Many users of the Penn Treebank now want forms of annotation richer than provided by the project's first phase, as well as an increase in the consistency of the preliminary corpus. Some would also like a less skeletal form of annotation, expanding the essentially context-free analysis of the current treebank to indicate non-contiguous structures and dependencies. Most crucially, there is a strong sense that the Treebank could be of much more use if it explicitly provided some form of predicate-argument structure. The desired level of representation would make explicit at least the logical subject and logical object of the verb, and indicate, at least in clear cases, how subconstituents are semantically related to their predicates. Such a representation could serve as both a starting point for the kinds of SEMEVAL representations now being discussed as a basis for evaluation of human language technology within the ARPA HLT program, and as a basis for ``glass box'' evaluation of parsing technology.
The ongoing effort to develop a standard objective methodology to compare parser outputs across widely divergent grammatical frameworks has now resulted in a widely supported standard for parser comparison. On the other hand, many existing parsers cannot be evaluated by this metric because they directly produce a level of representation closer to predicate-argument structure than to classical surface grammatical analysis. Hand-in-hand with this limitation of the existing Penn Treebank for parser testing is a parallel limitation for automatic methods for parser training for parsers based on deeper representations. There is also a problem of maintaining consistency with the fairly small (less than 100 page) style book used in the the first phase of the project.
We have recently completed a detailed style-book for this new level of analysis, with consensus across annotators about the particulars of the analysis. This project has taken about eight months of ten-hour a week effort across a significant subset of all the personnel of the Penn Treebank. Such a stylebook, much larger, and much more fully specified than our initial stylebook, is a prerequisite for high levels of inter-annotator agreement. It is our hope that such a stylebook will also alleviate much of the need for extensive cross-talk between annotators during the annotation task, thereby increasing throughput as well. To ensure that the rules of this new stylebook remain in force, we are now giving annotators about 10 overlapped material to evaluate inter-annotator consistency throughout this new project.
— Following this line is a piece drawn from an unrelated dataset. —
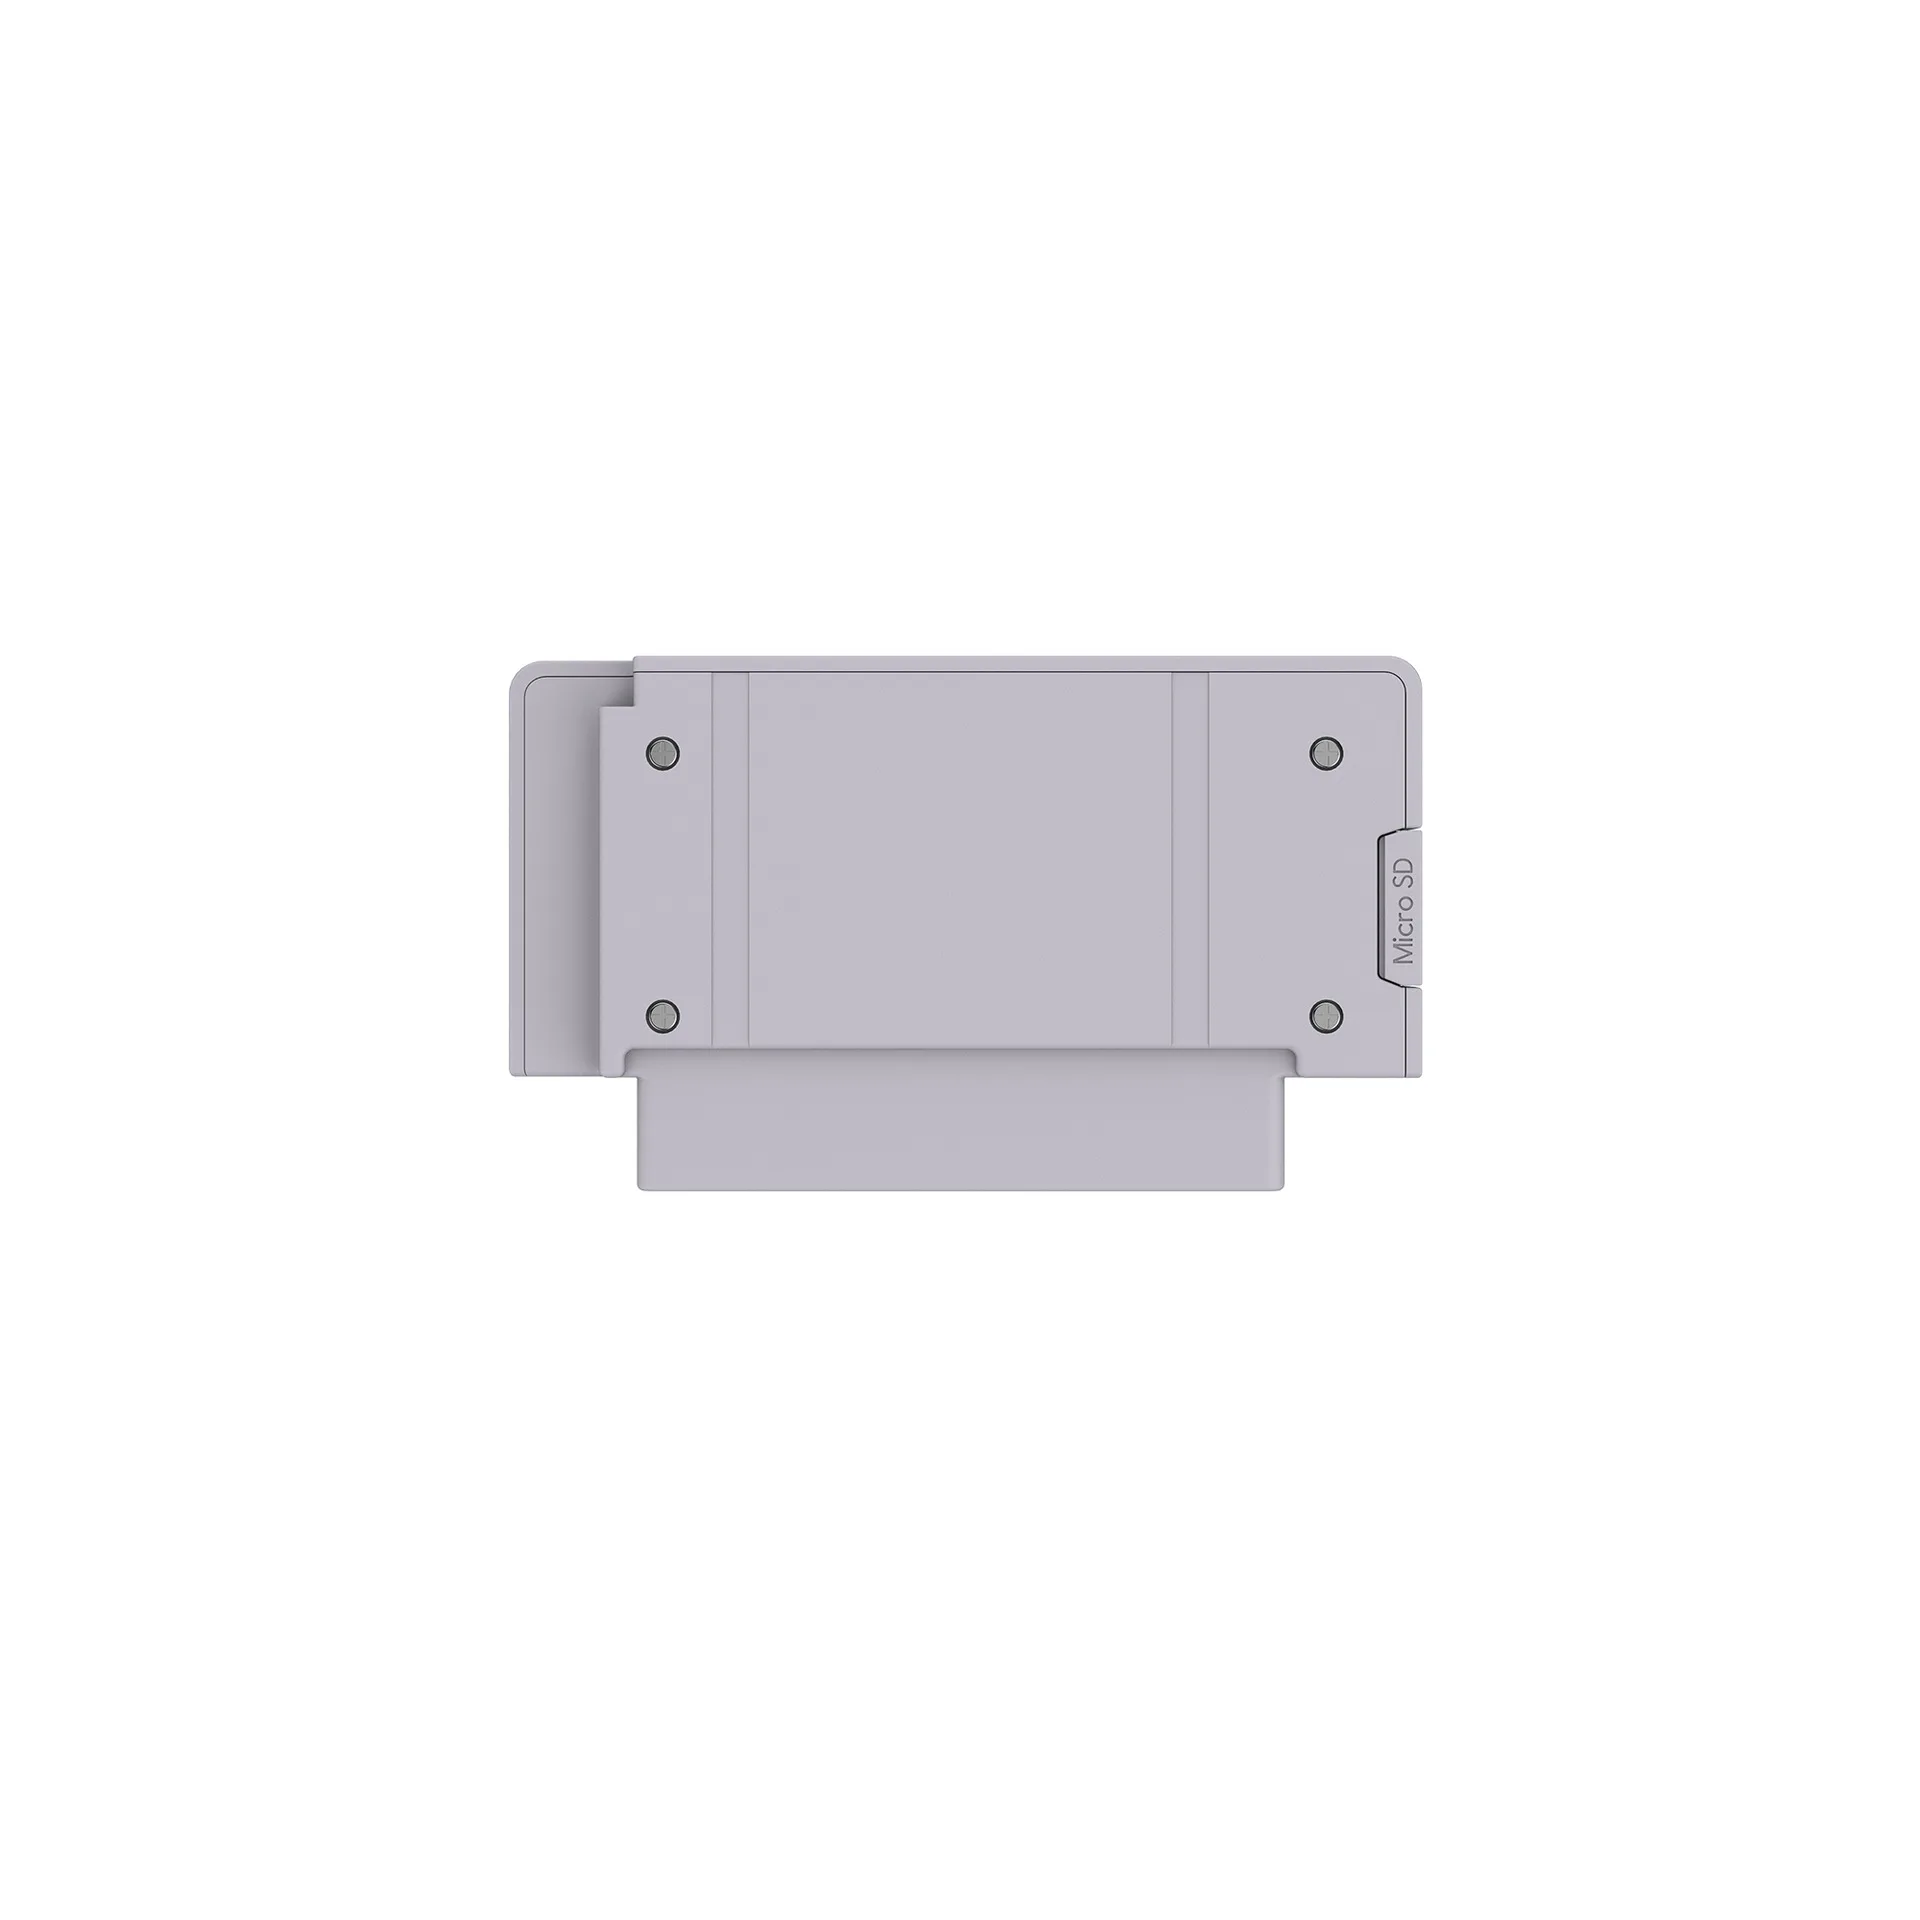 Retroflag GPi Чехол комплект с 32G Micro SD карта радиатор сумка для Raspberry Zero W GPi чехол

We have now begun to annotate this level of structure editing the present Penn Treebank; we intend to automatically extract a bank of predicate-argument structures intended at the very least for parser evaluation from the resulting annotated corpus.
The remainder of this paper will discuss the implementation of each of four crucial aspects of the new annotation scheme, as well as notational devices to allow predicate-argument structure to be recovered in the face of conjoined structure involving gapping, where redundant syntactic structure within a conjoined structure is deleted. In particular, the new scheme:
The remainder of this paper discusses the implementation of each of the four points above, as well as notational devices to allow predicate-argument structure to be recovered in the face of conjoined structure involving gapping, where redundant syntactic structure within a conjoined structure is deleted.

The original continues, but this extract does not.